Mon, 23 February 2026 at 12:54 am GMT+9 5 min read
The deal Sir Keir Starmer and Donald Trump struck last year gave British exporters an advantage over other countries - Chris J Ratcliffe/EPA/Shutterstock
British companies face a hit of up to £3bn after Donald Trump raised tariffs on UK goods.
The British Chambers of Commerce (BCC) said exports to the US faced an additional cost of between £2bn and £3bn after the president raised tariffs on all foreign imports from 10pc to 15pc on Saturday.
While the change is not expected to affect UK industries with bespoke deals such as automotive and pharmaceuticals, some 40,000 businesses in other sectors will be hit.
William Bain, the head of trade policy at the BCC, said: “You’re talking about food and drink, clothing and textiles, electrical goods – all of them.”
US companies must pay the tariffs when importing British goods, but the increased burden threatens to dent sales by making British items more expensive.
Scotch whisky is one of the most vulnerable sectors as the US is the industry’s biggest overseas market. Exports fell by 15pc in 2025 following the imposition of Mr Trump’s initial levies last year.
Businesses have been left scrambling to work out where they stand after a frenetic few days that have seen the Supreme Court strike down much of the president’s tariffs, only for Mr Trump to introduce – then raise – new levies through other means.

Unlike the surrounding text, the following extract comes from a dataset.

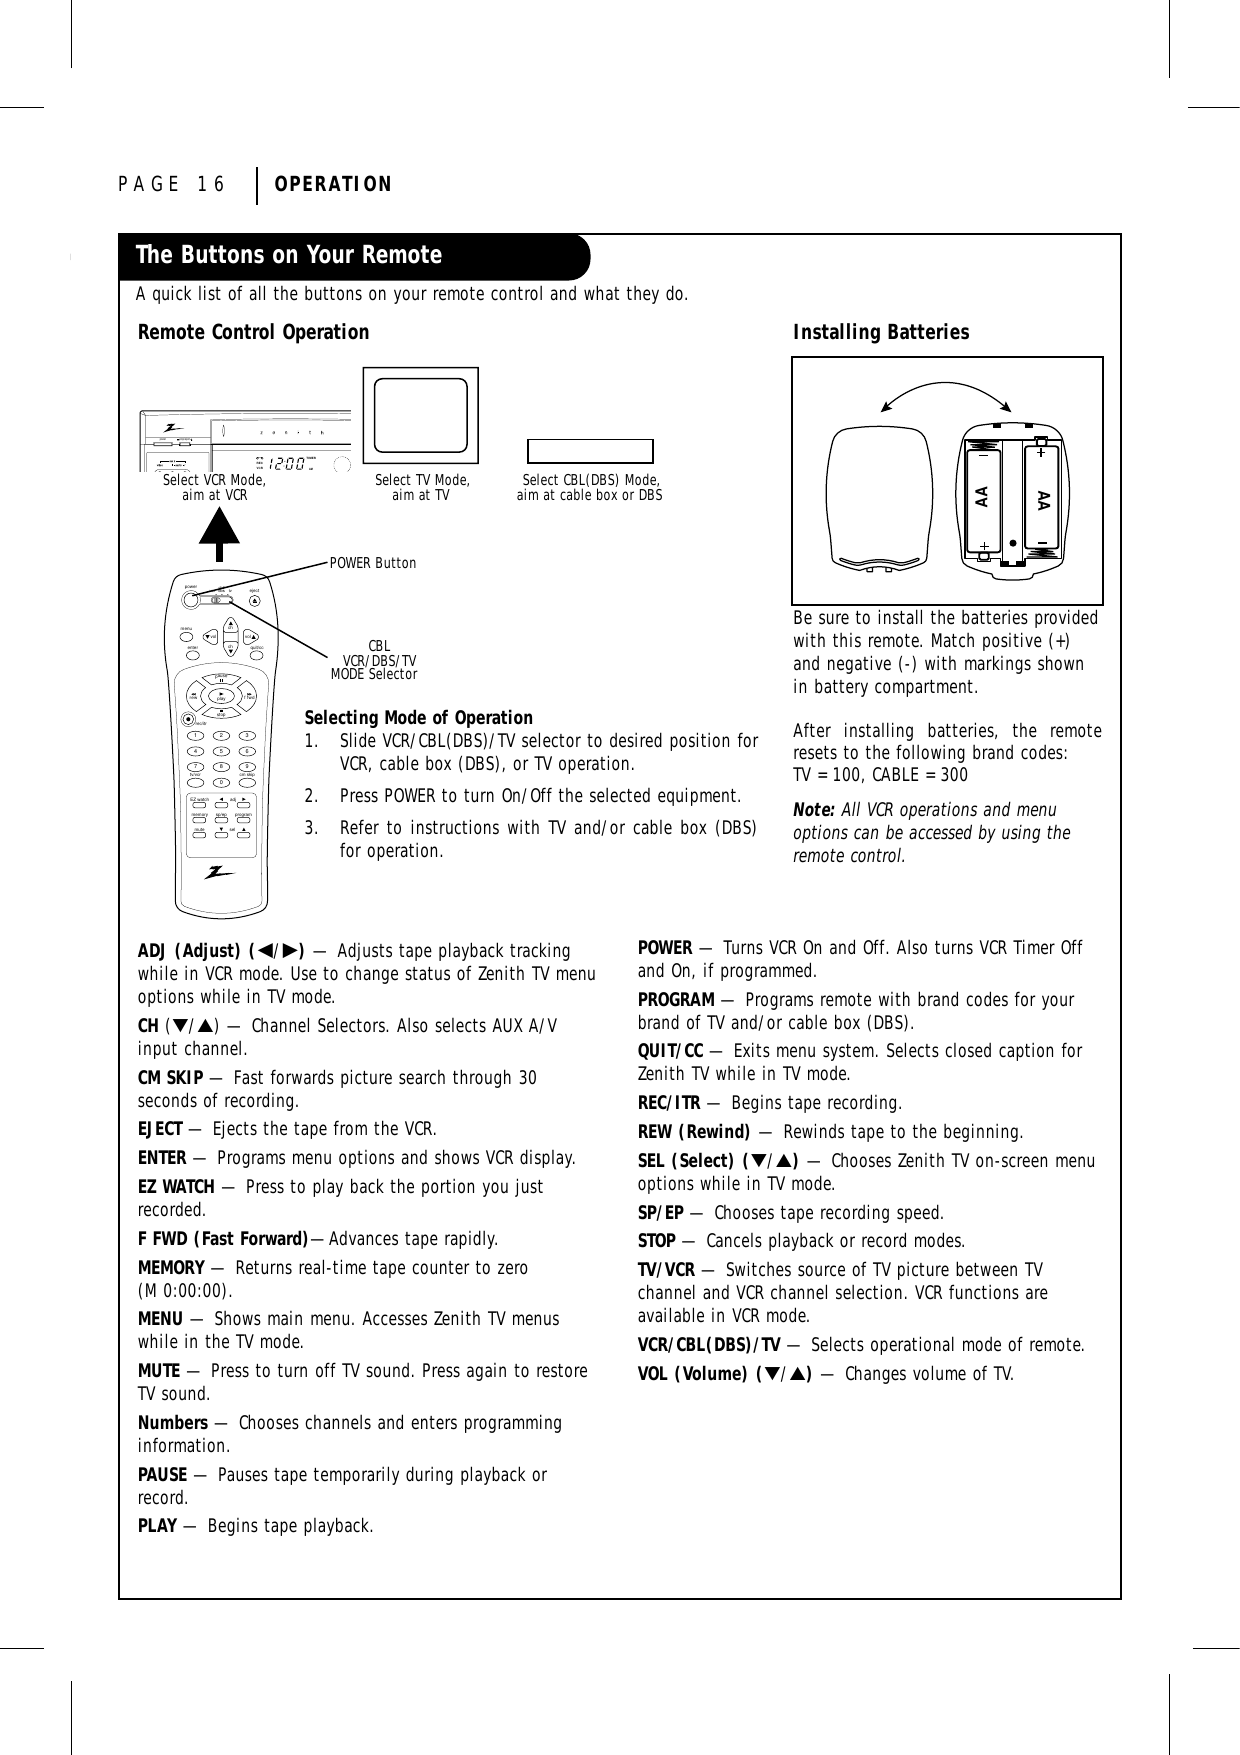 PAGE 16 OPERATIONThe Buttons on Your RemoteA quick list of all the buttons on your remote control and what they do.Installing BatteriesAAAABe sure to install the batteries providedwith this remote. Match positive (+)and negative (-) with markings shownin battery compartment.After installing batteries, the remoteresets to the following brand codes:TV = 100, CABLE = 300Note: All VCR operations and menuoptions can be accessed by using theremote control.ADJ (Adjust) (F/G)— Adjusts tape playback trackingwhile in VCR mode. Use to change status of Zenith TV menuoptions while in TV mode.CH (▼/▲) — Channel Selectors. Also selects AUX A/Vinput channel.CM SKIP — Fast forwards picture search through 30 seconds of recording.EJECT — Ejects the tape from the VCR.ENTER — Programs menu options and shows VCR display.EZ WATCH — Press to play back the portion you justrecorded.F FWD (Fast Forward)—Advances tape rapidly.MEMORY — Returns real-time tape counter to zero (M 0:00:00).MENU — Shows main menu. Accesses Zenith TV menuswhile in the TV mode.MUTE — Press to turn off TV sound. Press again to restoreTV sound.Numbers — Chooses channels and enters programminginformation.PAUSE — Pauses tape temporarily during playback orrecord.PLAY — Begins tape playback.POWER — Turns VCR On and Off. Also turns VCR Timer Offand On, if programmed.PROGRAM — Programs remote with brand codes for yourbrand of TV and/or cable box (DBS).QUIT/CC — Exits menu system. Selects closed caption forZenith TV while in TV mode.REC/ITR — Begins tape recording.REW (Rewind) — Rewinds tape to the beginning.SEL (Select) (▼/▲)— Chooses Zenith TV on-screen menuoptions while in TV mode.SP/EP — Chooses tape recording speed.STOP — Cancels playback or record modes.TV/VCR — Switches source of TV picture between TV channel and VCR channel selection. VCR functions are available in VCR mode.VCR/CBL(DBS)/TV — Selects operational mode of remote.VOL (Volume) (▼/▲) — Changes volume of TV.Remote Control Operationvcr cbl/dbs tvpower ejectchchvolvolmenuenter quit/ccrec/itr123456789tv/vcradjEZ watch0cm skipsp/ep programselmemorymutepausestopplayrew f fwdSelect VCR Mode,aim at VCR Select TV Mode,aim at TV  Select CBL(DBS) Mode,aim at cable box or DBS POWER ButtonMODE SelectorCBLVCR/DBS/TVSelecting Mode of Operation1. Slide VCR/CBL(DBS)/TV selector to desired position forVCR, cable box (DBS), or TV operation.2. Press POWER to turn On/Off the selected equipment.3. Refer to instructions with TV and/or cable box (DBS)for operation.powerstop/ejectRECVCRTIMERAM
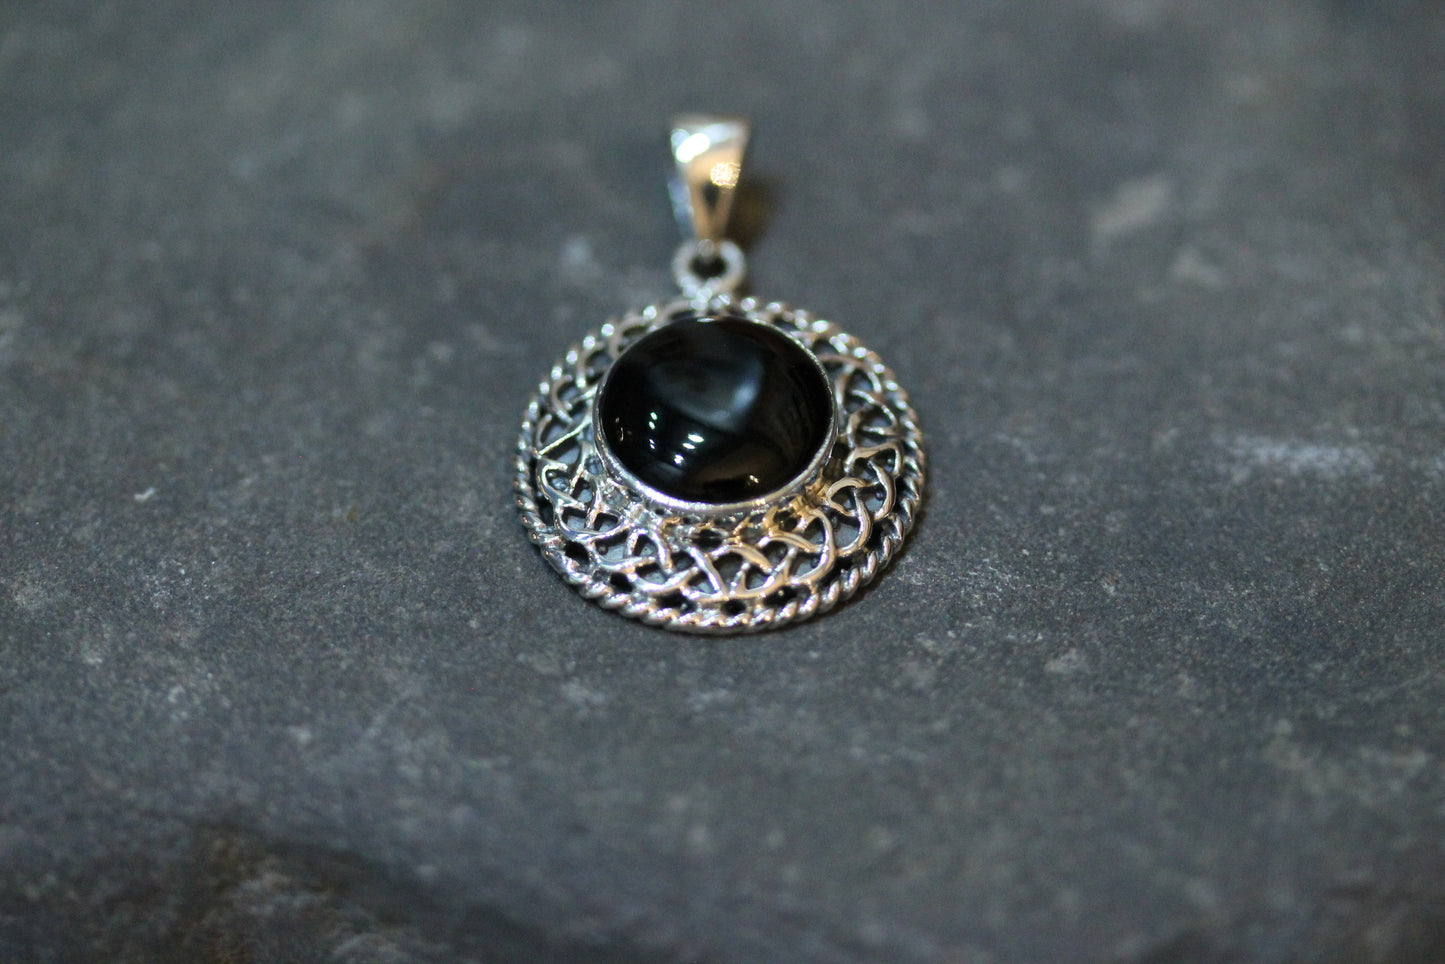 Celtic Stone Pendant - Round Knotted Border with Black Onyx

New baseline 15pc global tariffs, which will take effect from Tuesday, will last for 150 days, after which time Mr Trump must seek approval from Congress to extend them. The president has signalled he is seeking to use separate legal means to impose more long-lasting, and potentially higher, tariffs on specific countries.
Mr Bain said trade with the US had moved to an “even more chaotic structure”.
“The tariffs are in place for 150 days. We don’t know whether Congress will extend them after that. If they don’t, what comes next?” he said.
“The risk is higher tariffs going forward and there’s uncertainty even about the tariffs that will take effect from Tuesday.”
The Supreme Court ruling applied only to the country-specific levies imposed by the president on “Liberation Day” last April.
The Society of Motor Traders said it was confident that the car trade was still covered by the separate US-UK trade deal struck last May, which allows British manufacturers to send 100,000 vehicles a year to the US at a reduced rate of 10pc.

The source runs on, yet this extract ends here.